Assim, se o acórdão seguir nos termos do voto, implicará em relevante paradigma para discussões envolvendo a referida multa em âmbito municipal e estadual. Além disso, o voto consignou em diversos momentos que as sanções tributárias devem guardar proporcionalidade com a conduta do contribuinte e a violação da norma.
Deste modo, vale refletir que, se as condutas de fraude e sonegação são penalizadas em 100%, não poderia um mero erro de preenchimento, divergência de interpretação ou mesmo o não pagamento do tributo, gerar penalidade equivalente.
Inclusive, uma das citações utilizadas pelo Ministro, “por ser esclarecedora”, é o voto do atual Ministro do STJ Joel Ilan Paciornik quando ainda Desembargador perante o Tribunal Regional da 4ª Região[3], que indica que o limite confiscatório da multa qualificada é diferente do limite que deve ser considerado confiscatório para outras multas:
Os aspectos subjetivos dessas infrações tornam os limites da proibição de efeito confiscatório mais permeáveis e elásticos do que se entenderia como razoável, caso se tratasse de uma infração objetiva. Não se revela consentâneo com o ideal de justiça tributária penalizar em patamar semelhante o contribuinte que deixa de pagar ou de declarar o tributo, sem intuito doloso, e o contribuinte que sonega, frauda ou age em conluio.
Portanto, partindo desta linha de entendimento, deve-se considerar que eventuais multas de ofício (não qualificadas) com percentual igual ou próximo a 100% do tributo devido configuram-se confiscatórias.
Neste sentido, entendemos que há bons argumentos para eventuais ações que questionem multas pagas ou cobradas no patamar de 100% sem que tenha ocorrido qualquer conduta dolosa por parte do contribuinte.
Outro ponto que merece atenção é a possível modulação dos efeitos, que, no voto comentado, ressalvou as ações judiciais e processos administrativos pendentes de conclusão no momento da publicação da ata de julgamento.
Isso porque, caso o contribuinte esteja no “limbo” entre o fim do processo administrativo e a ação judicial, não estaria ressalvado da modulação, supostamente não aplicando-se a redução da penalidade.
Para fins de segurança, é fundamental que seja ajuizada alguma medida judicial para os casos que se encontrem nessa situação antes do dia 14/08/2024 (data da sessão de julgamento), a fim de que, prevalecendo o entendimento do Min. Dias Toffoli, não sejam afetados eventualmente pela modulação dos efeitos da decisão.
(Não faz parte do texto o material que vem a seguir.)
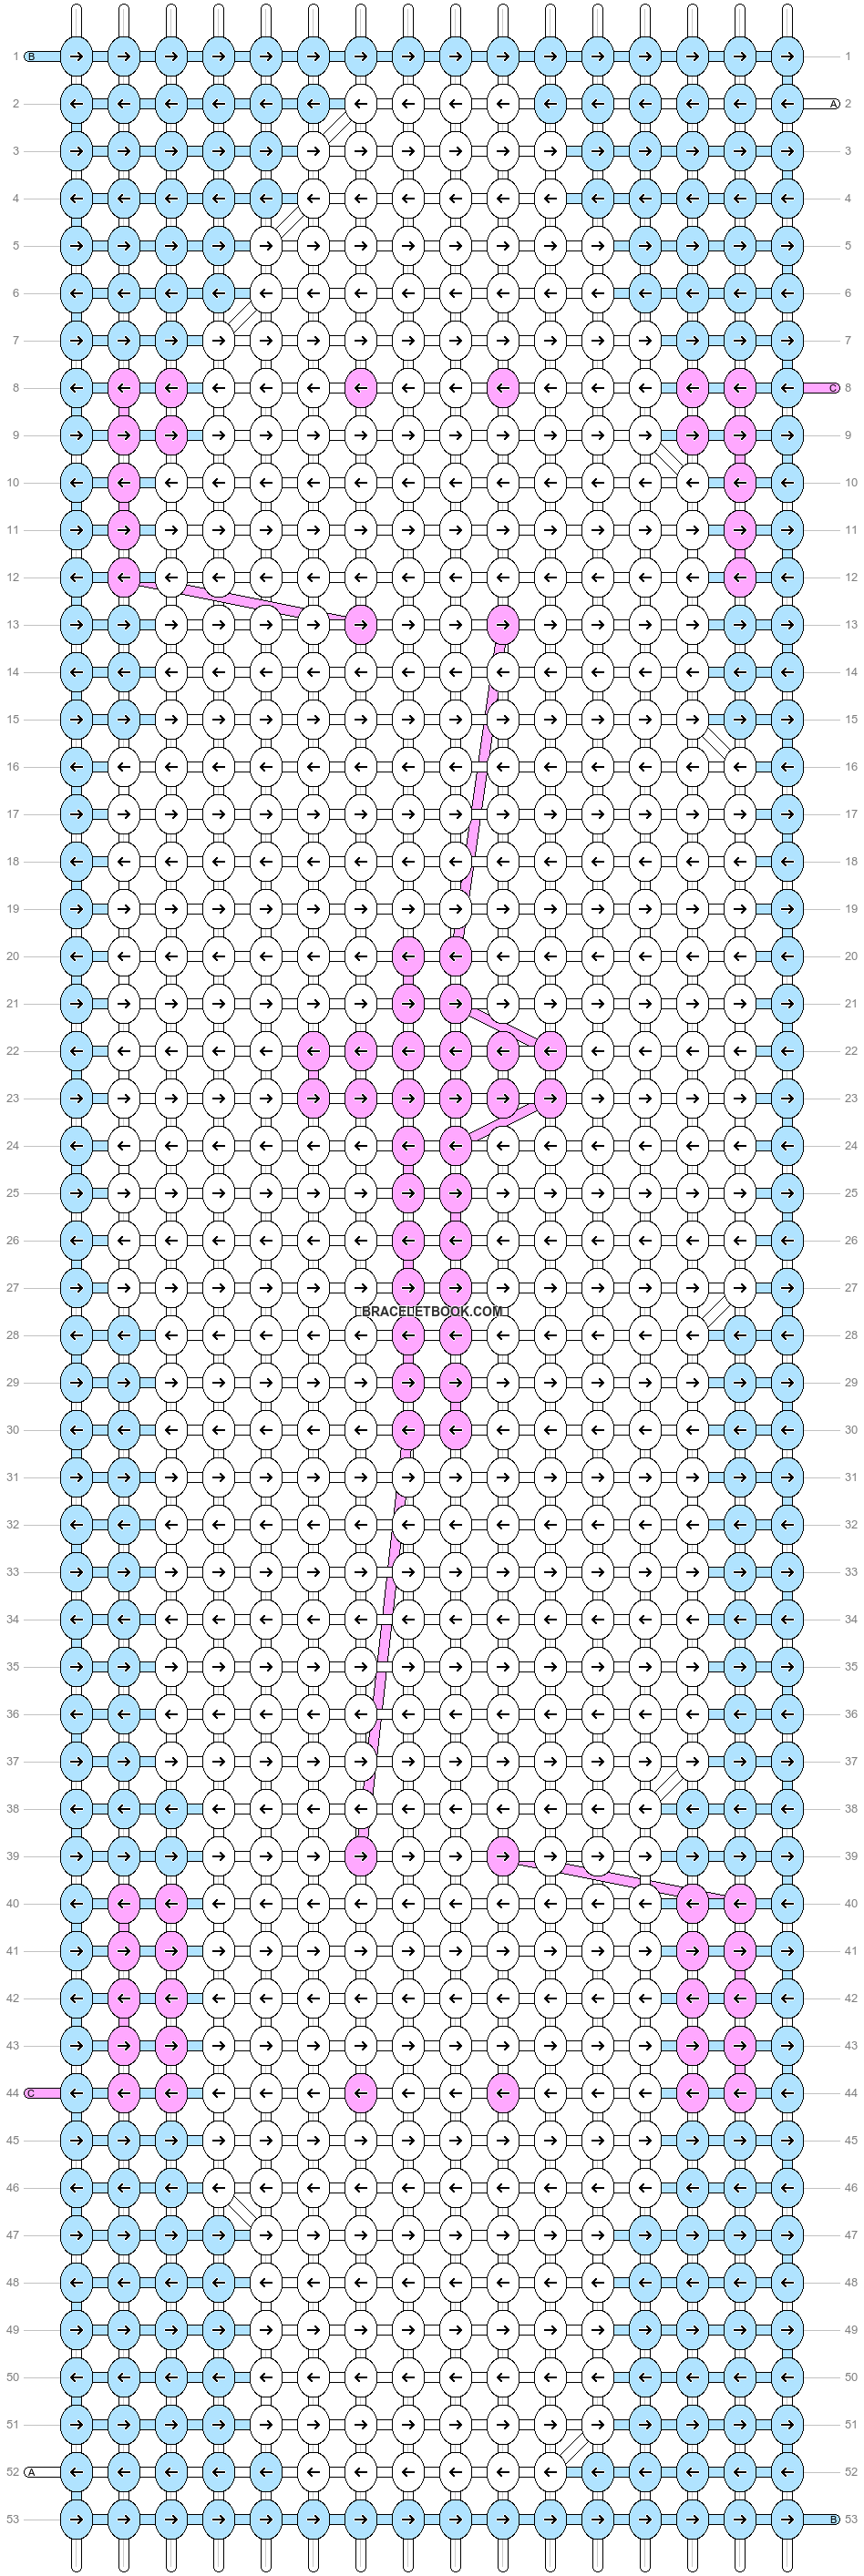 Alpha pattern #42572 variation #58303 pattern

Diante do exposto, entendemos que há bons argumentos para questionar multas aplicadas no patamar de 100% sem considerar conduta dolosa do contribuinte.
Por outo lado, nos casos de aplicação em que o contribuinte sofreu com a cobrança ou mesmo realizou o pagamento de multa qualificada acima de 100%, sem a consideração de reincidência, é recomendável o ajuizamento de medidas judiciais para garantir que suas situações sejam analisadas sob os novos parâmetros antes da modulação dos efeitos.
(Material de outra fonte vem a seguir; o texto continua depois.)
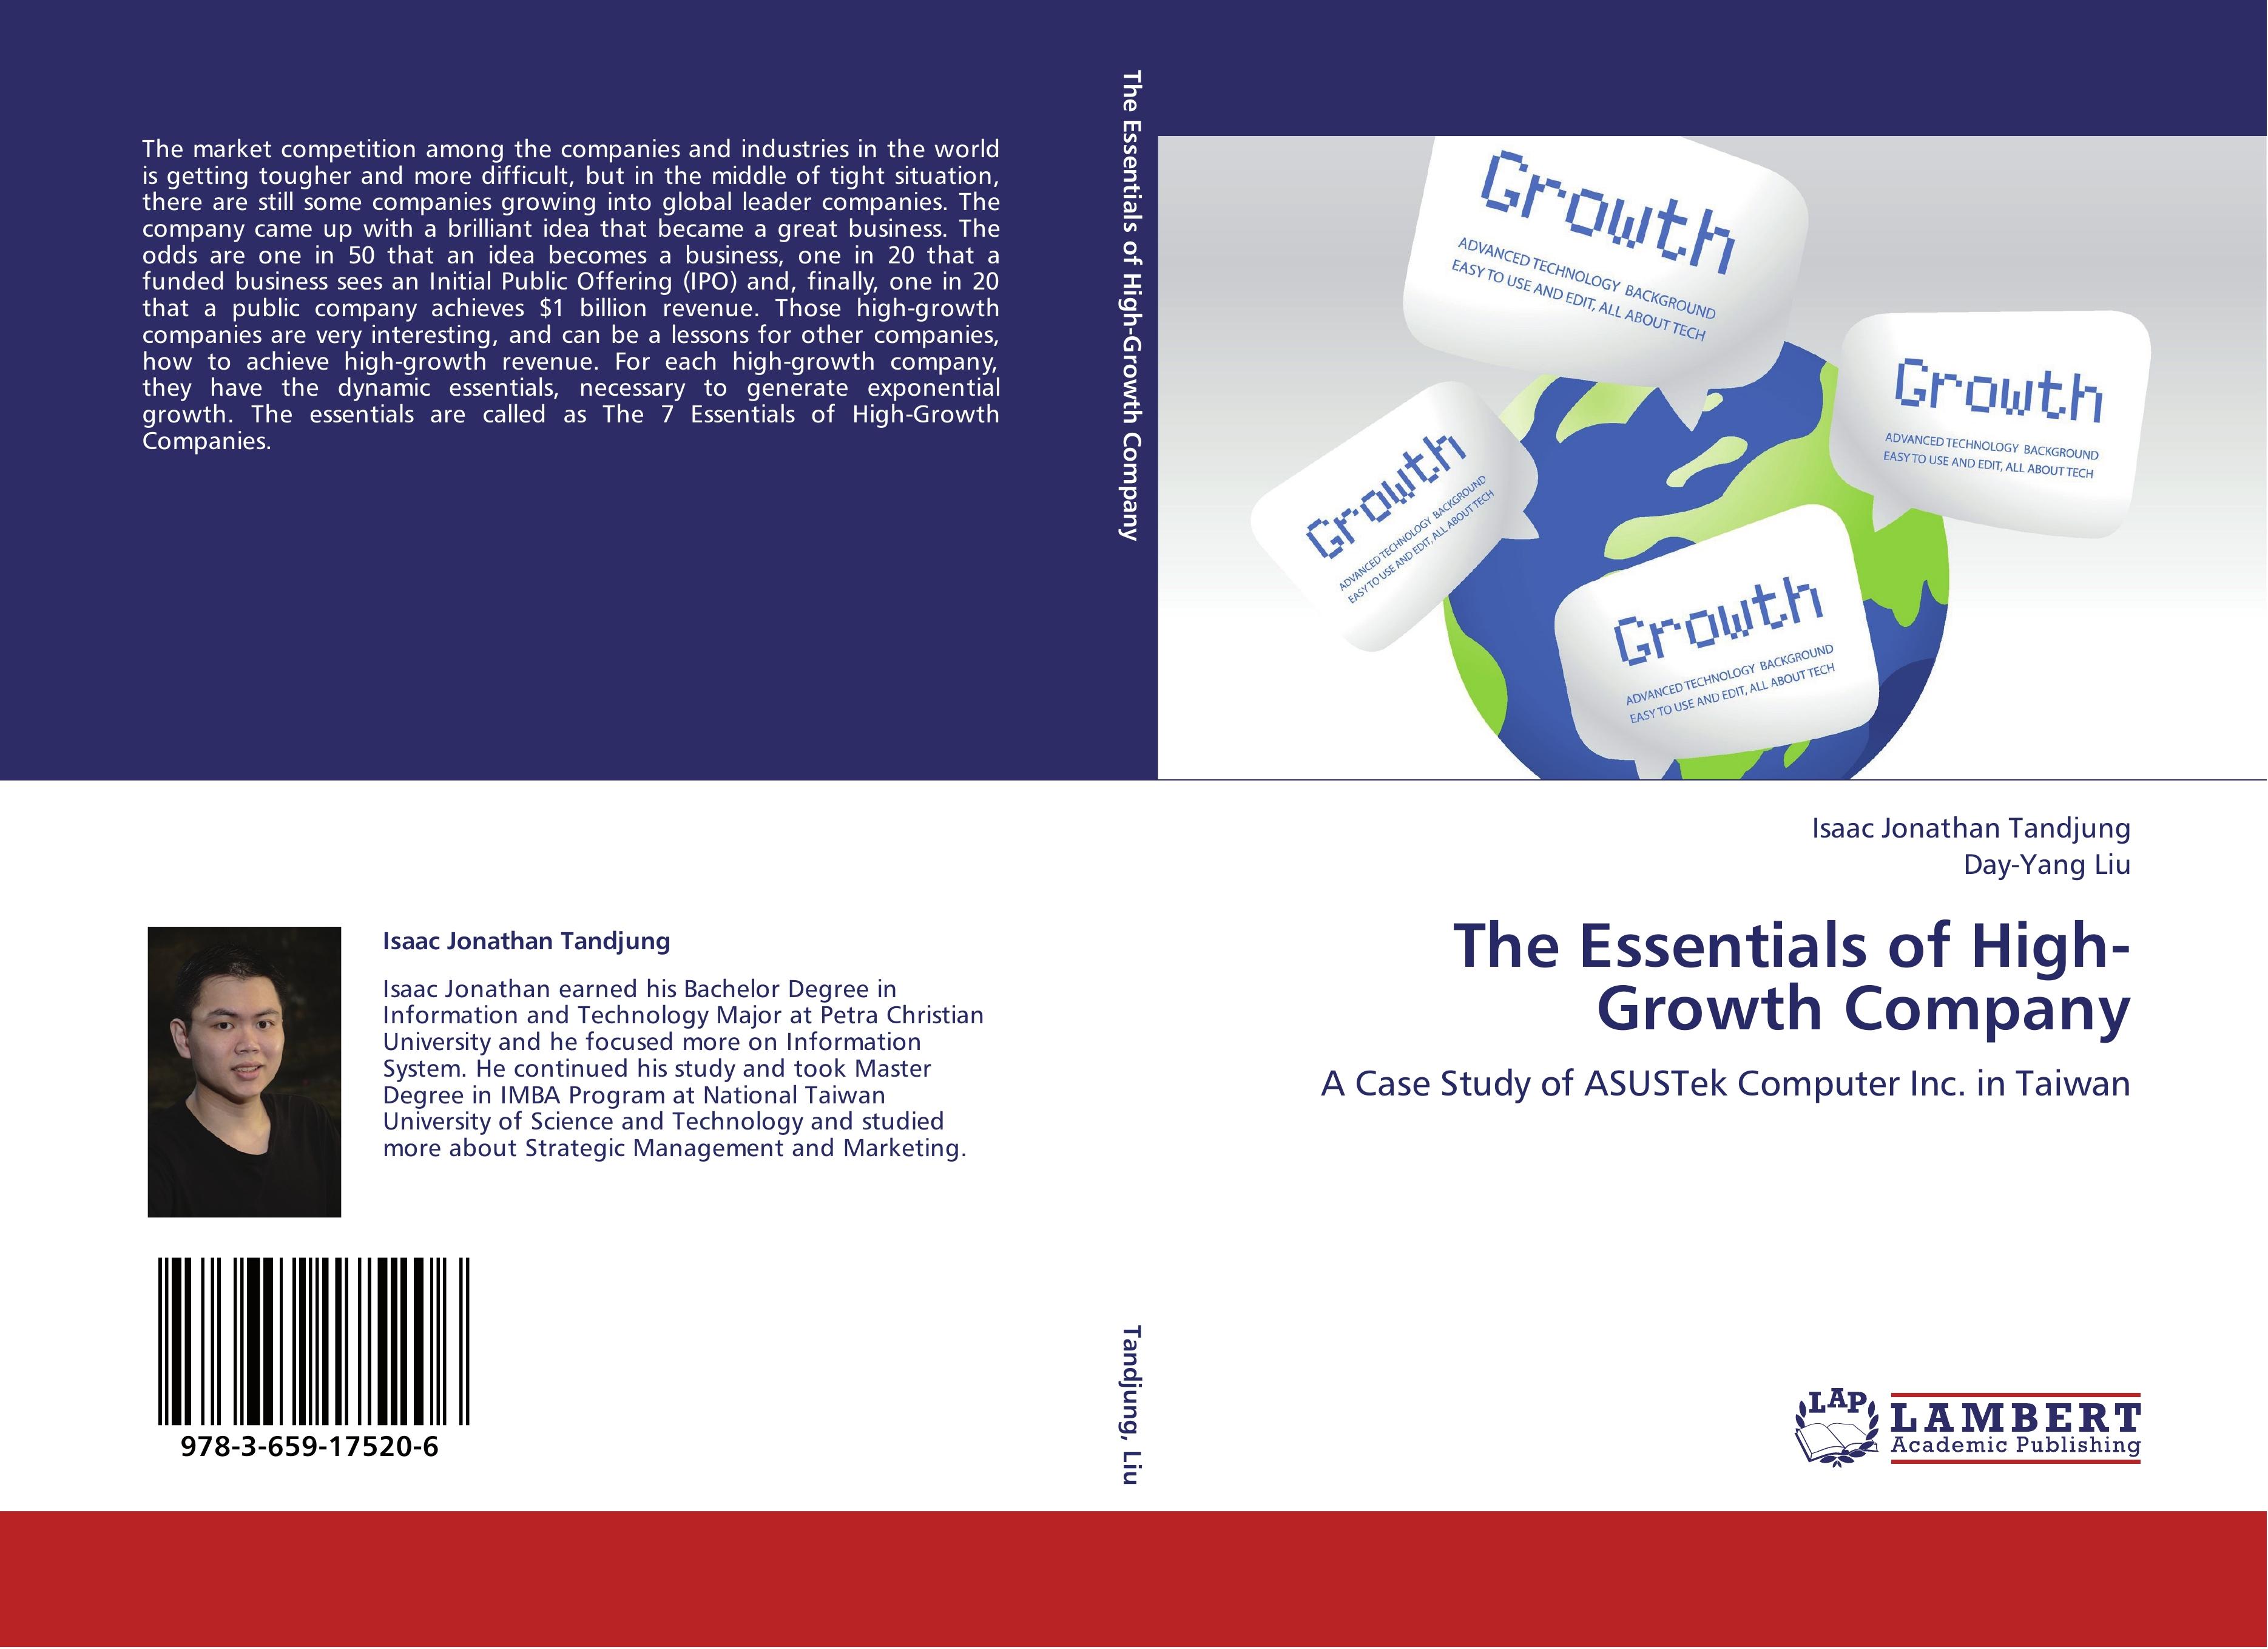 The Essentials of High-Growth Company - Isaac Jonathan Tandjung Day-Yang Liu

O Escritório P&R Advogados Associados se coloca à disposição para maiores esclarecimentos acerca do tema.
Por Samuel Jefte Vieira Cavalcanti Matias
Advogado tributarista na Pimentel & Rohenkohl Advogados
[1] https://portal.stf.jus.br/processos/detalhe.asp?incidente=4370056,
Tema de Repercussão Geral nº 863: “Limites da multa fiscal qualificada em razão de sonegação, fraude ou conluio, tendo em vista a vedação constitucional ao efeito confiscatório.”
[2] https://portal.stf.jus.br/processos/detalhe.asp?incidente=4071634
Tema de Repercussão Geral nº 487: “Caráter confiscatório da “multa isolada” por descumprimento de obrigação acessória decorrente de dever instrumental.”
[3] Proferido na Arguição de Inconstitucionalidade nº 2005.72.06.001070-1, julgada pelo Tribunal Regional Federal da 4ª Região.